“Acordar, bonde, quatro horas no escritório ou na fábrica, almoço, bonde, quatro horas de trabalho, jantar, sono e segunda terça quarta quinta sexta e sábado no mesmo ritmo. Um belo dia, surge o “por quê” e tudo começa a entrar em lassidão tingida de assombro. A lassidão está ao final dos atos de uma vida marginal, mas inaugura ao mesmo tempo um movimento da consciência. Ela o desperta e provoca sua continuação. A continuação é um retorno inconsciente aos grilhões, ou é o despertar definitivo”.
Esta é citação de Albert Camus em “O mito de Sísifo”. Ela nos oferece uma chave de leitura para escancarar o mundo do futebol. O autor retrata o momento da tomada de consciência na vida de um trabalhador. De modo semelhante, penso um torcedor raiz sendo tocado, experenciando sua epifania do absurdo:
Correr, mais uma quarta-feira quase quinta, e ele correndo… correndo novamente, buscando se esconder em meio à escuridão das vielas, fugindo, de um lado da polícia, de outro da nova emboscada no metrô da torcida rival. Ainda por cima ferido na alma pela derrota consumada pelo VAR e pela dor no corpo exposto, provocada pelo cacetete de um PM, que escolhe, muitas vezes, pela cor da pele e não da camisa, quem receberá o golpe mais contundente. Tenta parar. Puxar o ar. Uma pressão no peito. Sente o tempo devagar. Contrariando o momento, os pensamentos, descompassados, estão acelerados…
Subitamente, emerge um pensamento que não consegue identificar a origem, apenas surge. Na imagem que se forma, se vê apenas como uma ficha nas mãos de outros torcedores que se vestem diferentes, e assistem o jogo de outro lugar. Sente ser uma arma para defender a honra desses homens, que não se garantem em um duelo. A sua paixão é lazer para esses nobres, que brincam seriamente com sua vida. Que debocham da sua condição inferior. É manipulado como soldado raso, bucha de canhão.

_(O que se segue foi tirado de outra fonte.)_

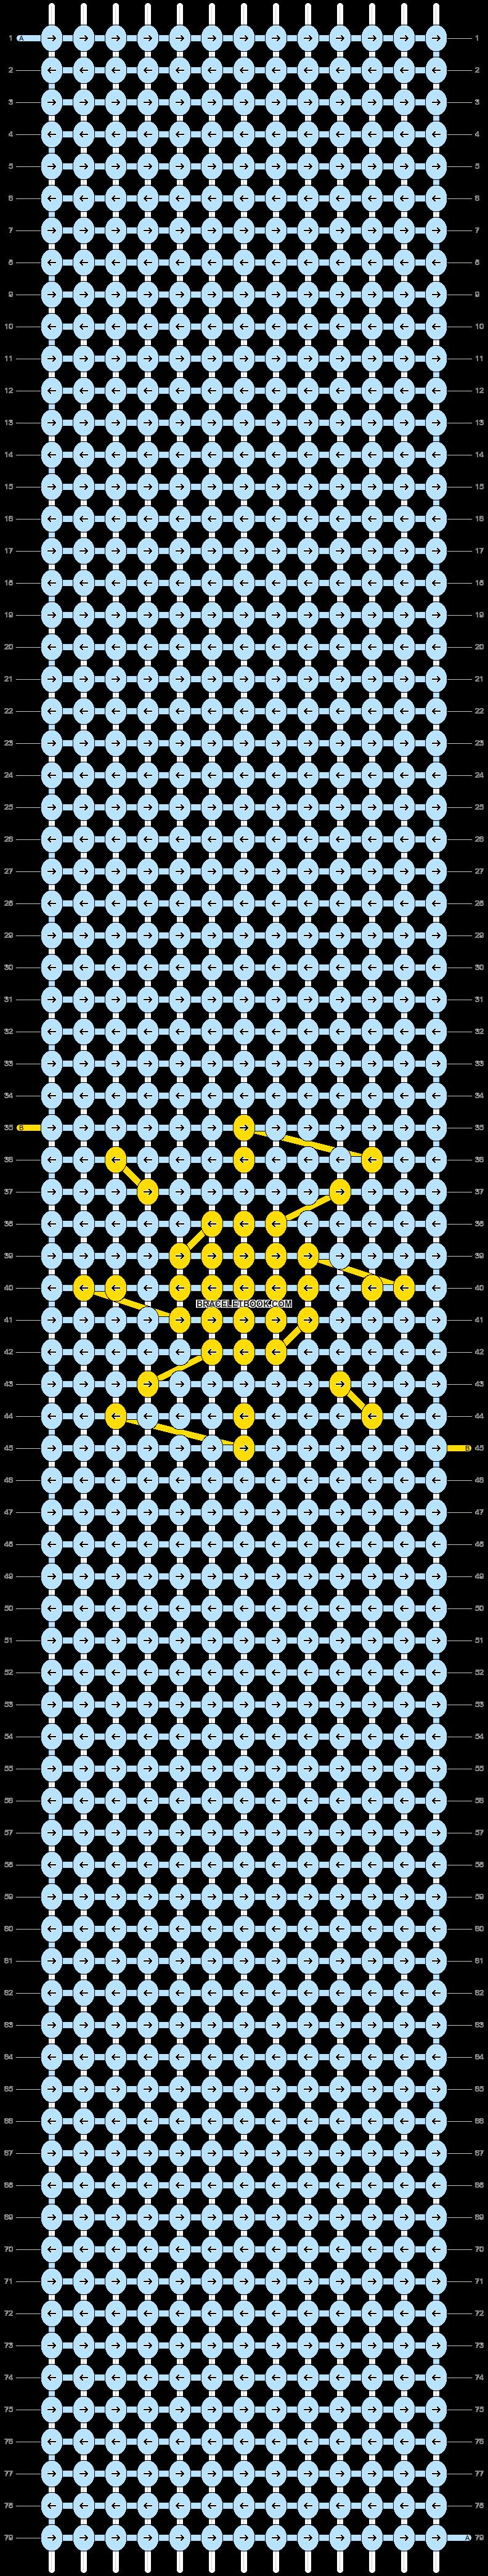 Alpha pattern #49753 pattern

Ele, num lampejo, pensa: por que os defende? As vitórias para eles representam apenas alegria passiva, que reforçam o sentimento de superioridade simbólica, resquícios de raça superior. Mas para ele não é a mesma coisa.
Eles vivem a vitória com a barriga cheia e as derrotas com mais comida e bebida para afogar as mágoas. Enquanto ele luta, na vitória ou na derrota, de corpo e alma na arquibancada e do lado de fora do estádio. Eles sempre gozam, já ele, constantemente, fica na iminência de contínuos coitos interrompidos.
De repente, a epifania fatal do absurdo. Como operário organizado e fiel, ele sustenta a felicidade dos patrões. Enquanto estão felizes, o suportam, até o elogiam, fazendo-o pensar que um dia até poderia ser como eles, um sócio especial do clube, uma pessoa importante, um torcedor ilustre. Contudo, ele apenas lustra a geral, já eles são lustrados nas áreas VIPs e camarotes.
O mundo real se faz presente. Percebe que sua carteirinha nunca passou ou passará na catraca do clube social. Como militante, não pode frequentar os bailes, muito menos as piscinas. É tolerado apenas quando as circunstâncias convêm. O jogo é feito para que ele nunca seja sócio do clube deles.
Após mais essa derrota, ele voltará a ser periferia, enquanto a vida deles permanecerá a mesma. Para eles o jogo continua, foi apenas um dia ruim, só precisam talvez comprar um outro brinquedo: um novo treinador.
Entretanto, talvez algo tenha mudado nele, com potencial para contagiar mais outros iguais a ele, para um silencioso desespero e preocupação deles.